**Work instructions**
Using the listing below, output only the lines from the one that contains "Cadeaux gourmands &" through the one that contains "Gallery Image 18", inclusive, exactly as given and without images.

**Task data**
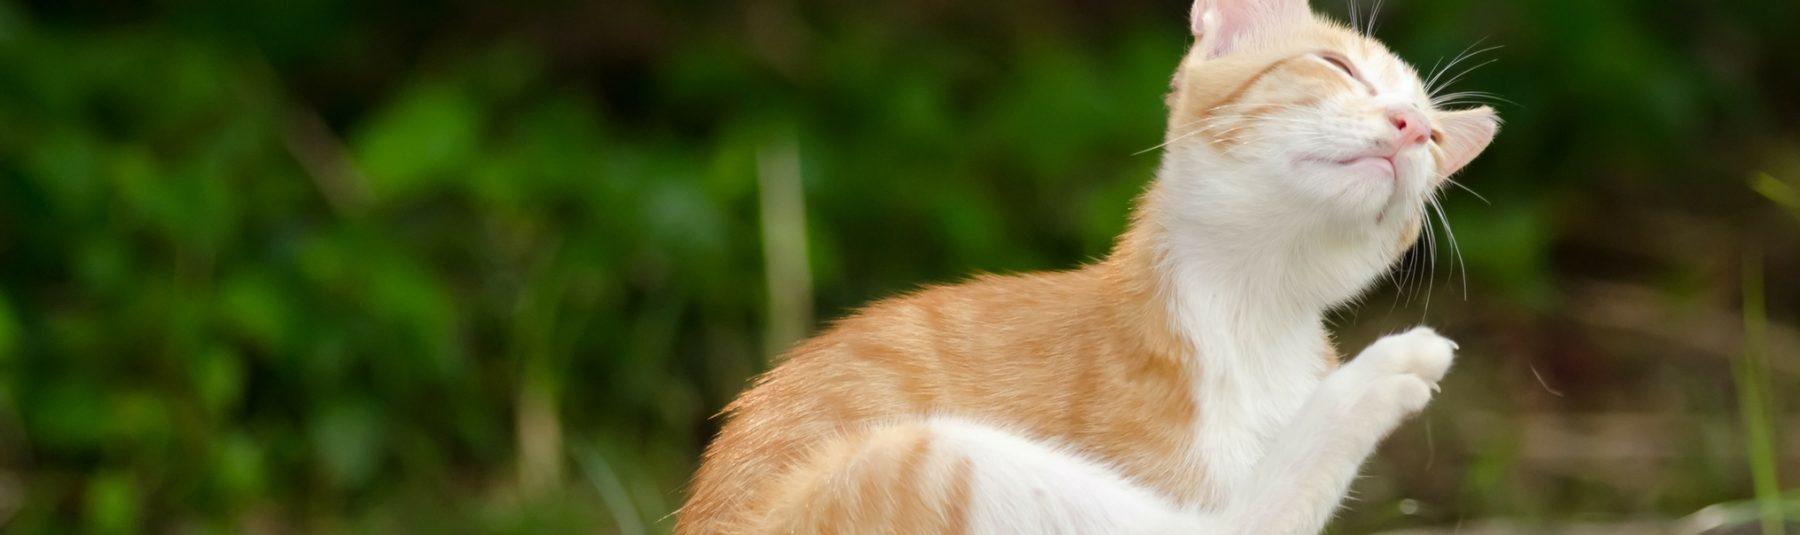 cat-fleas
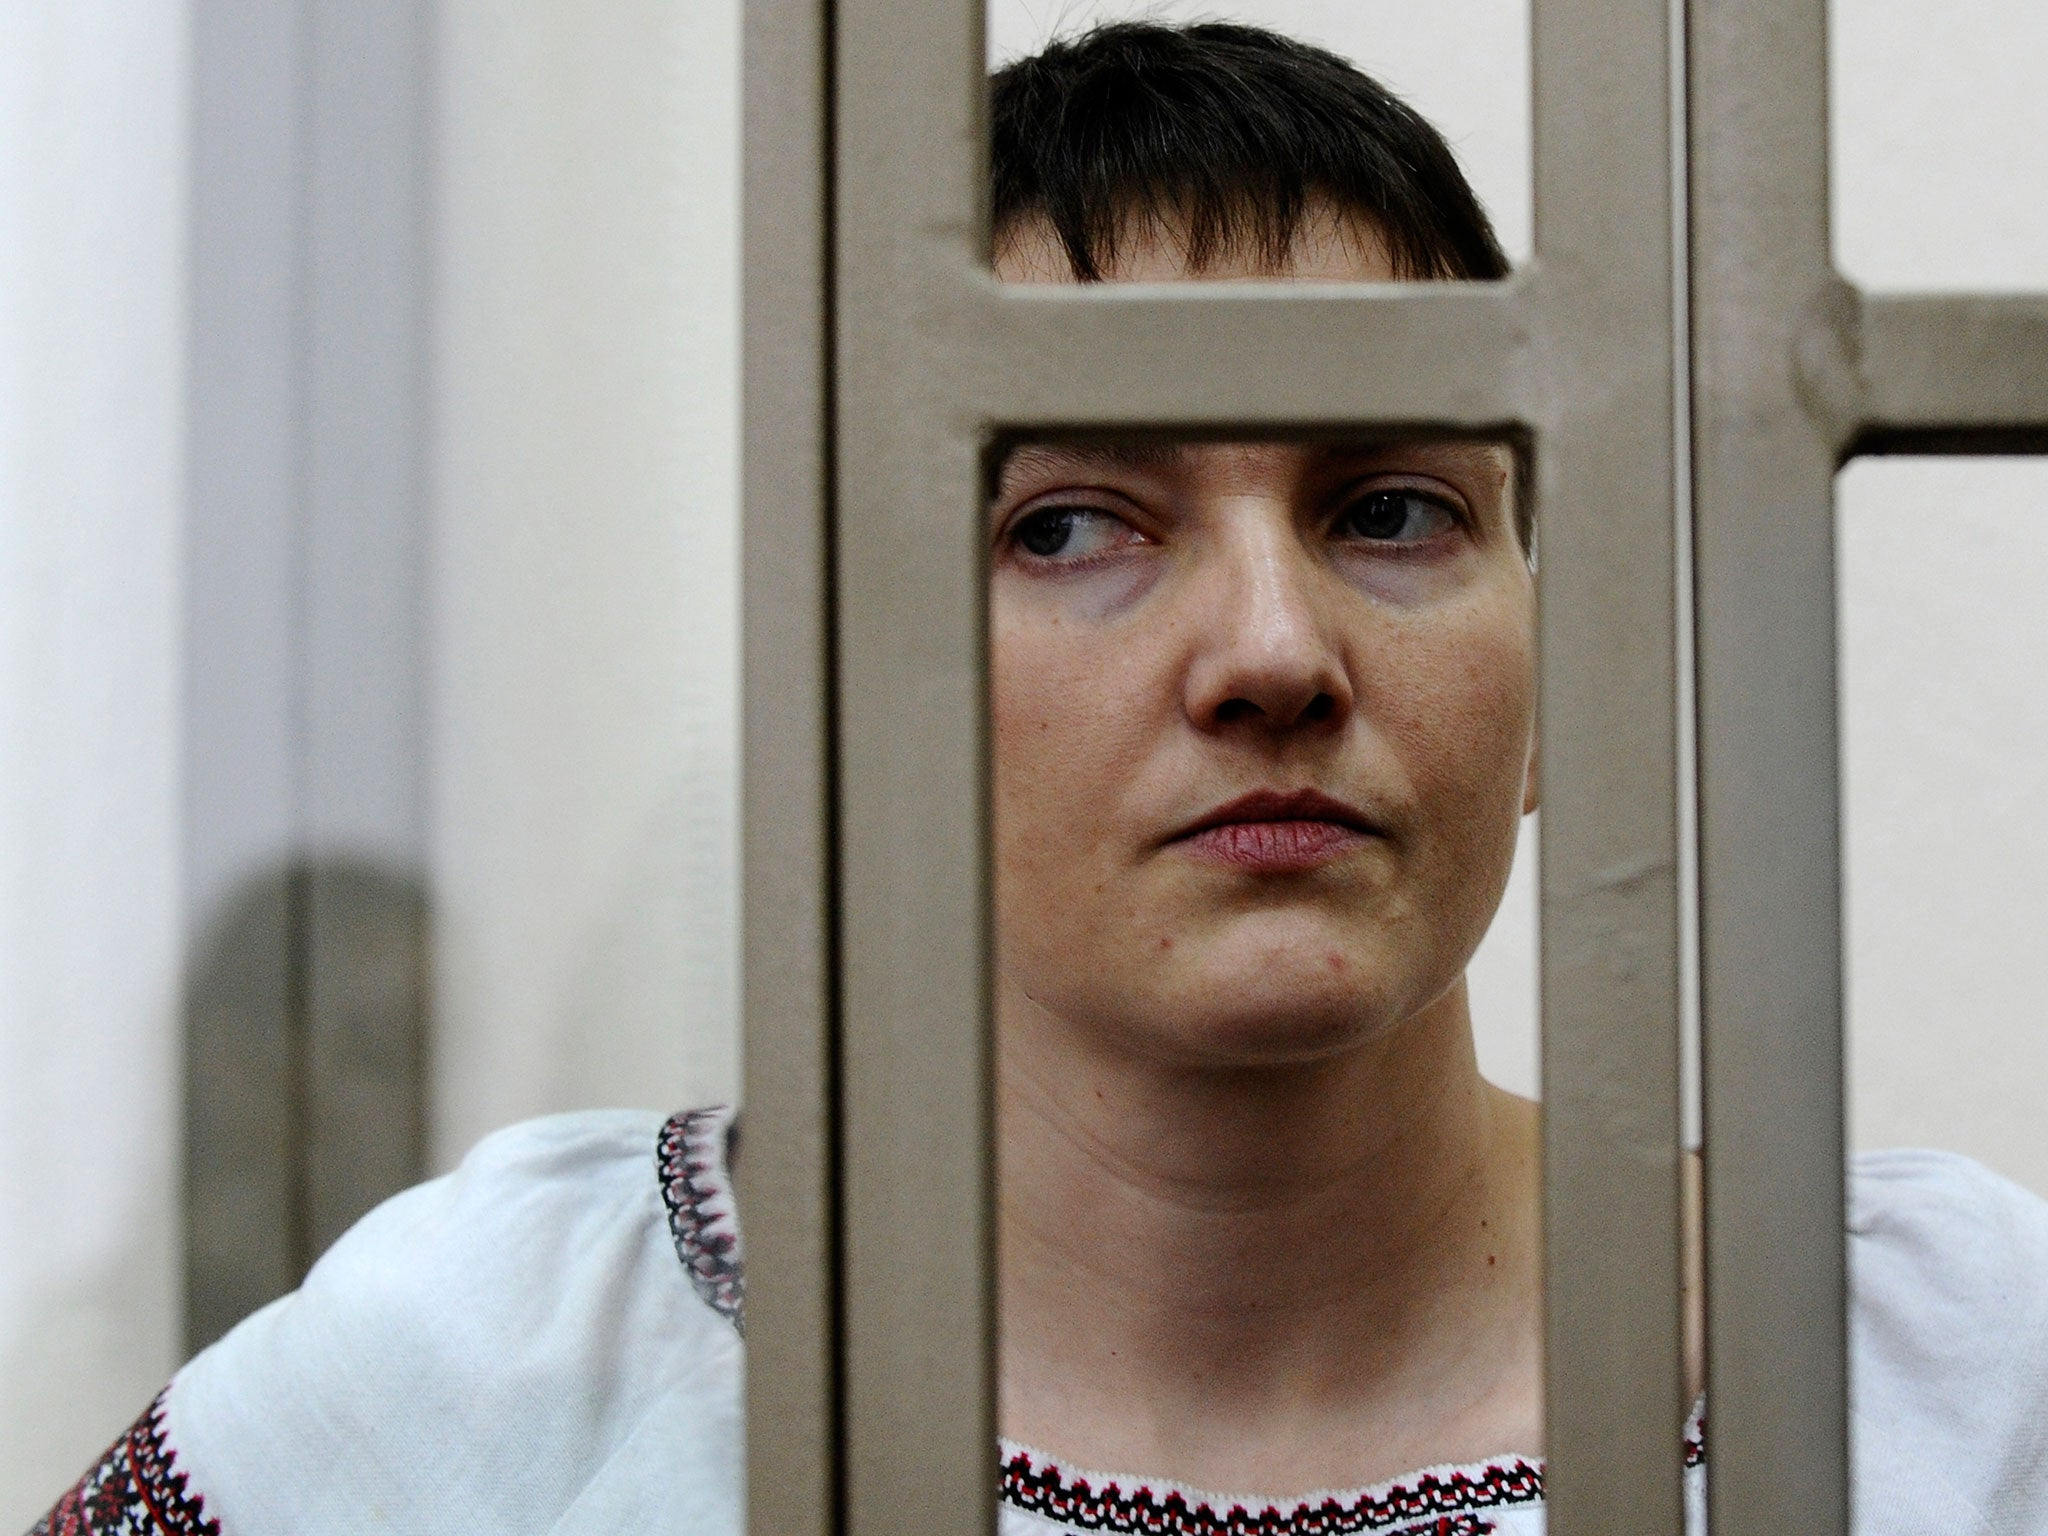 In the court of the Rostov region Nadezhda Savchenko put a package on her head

==

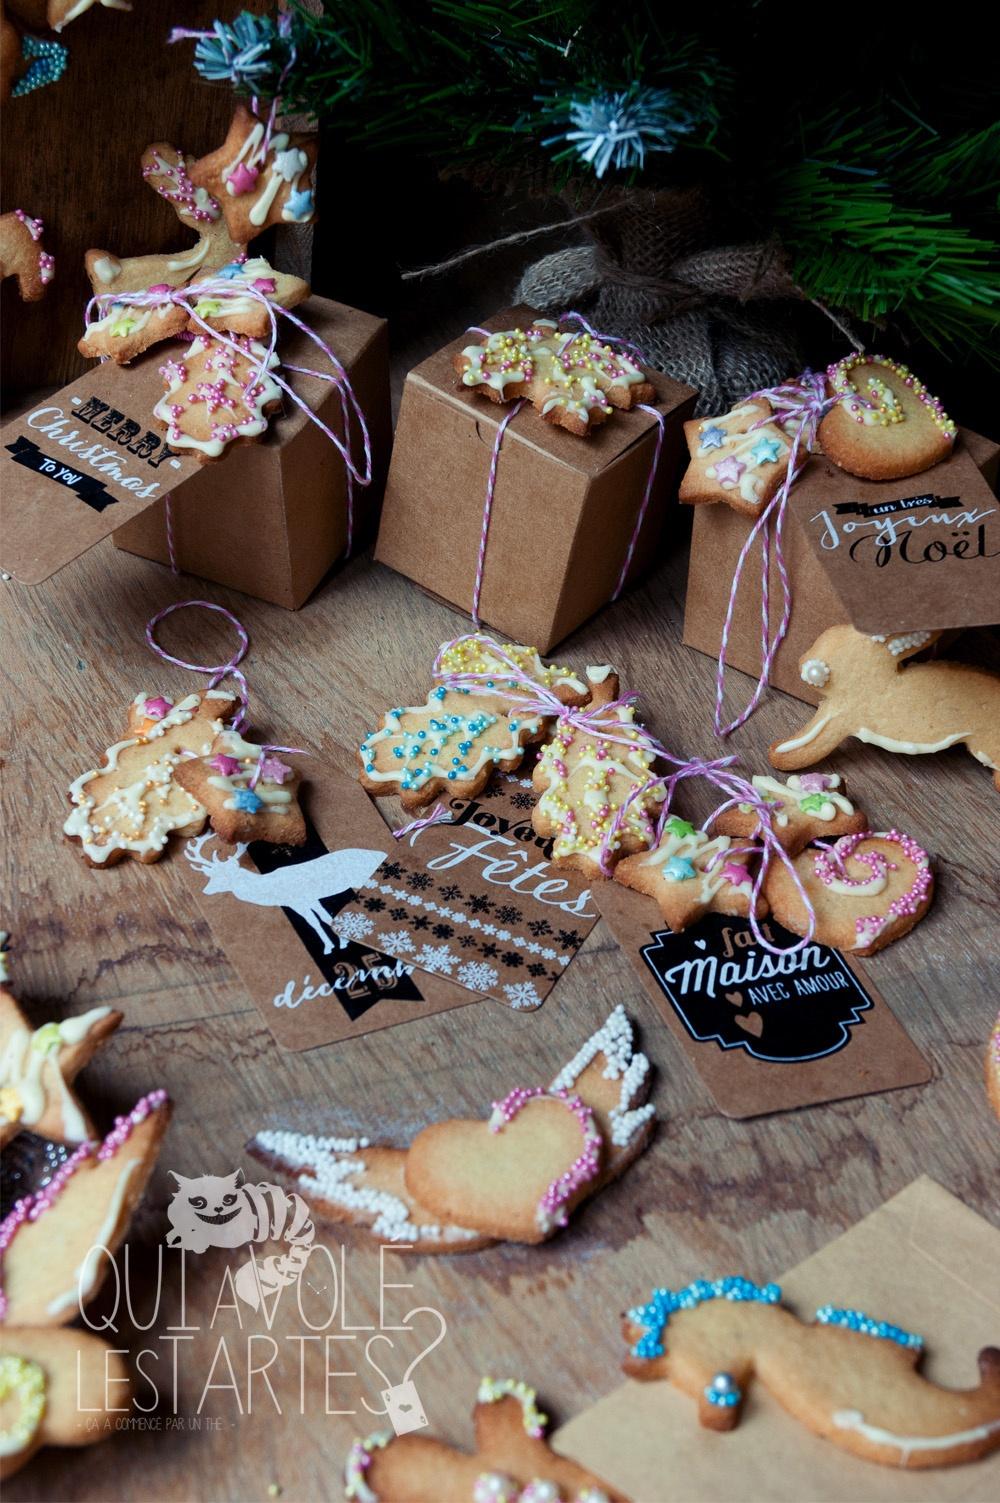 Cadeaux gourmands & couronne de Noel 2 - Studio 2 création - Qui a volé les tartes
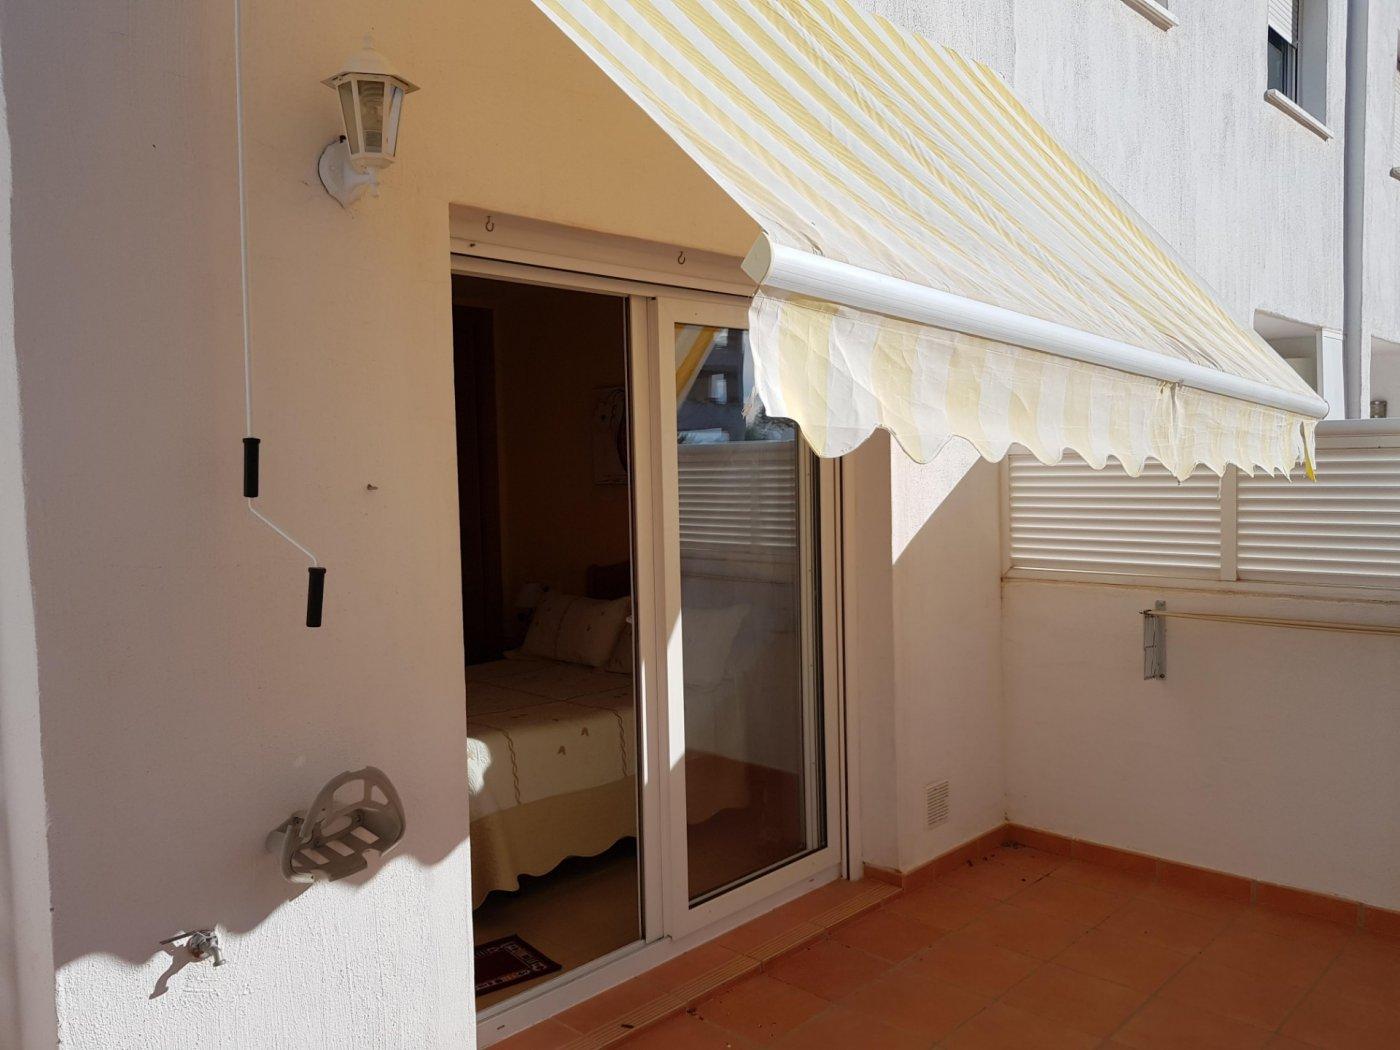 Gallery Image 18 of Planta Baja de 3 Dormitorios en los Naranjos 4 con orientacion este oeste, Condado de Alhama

**Response to the task**
 Cadeaux gourmands & couronne de Noel 2 - Studio 2 création - Qui a volé les tartes
 Gallery Image 18 of Planta Baja de 3 Dormitorios en los Naranjos 4 con orientacion este oeste, Condado de Alhama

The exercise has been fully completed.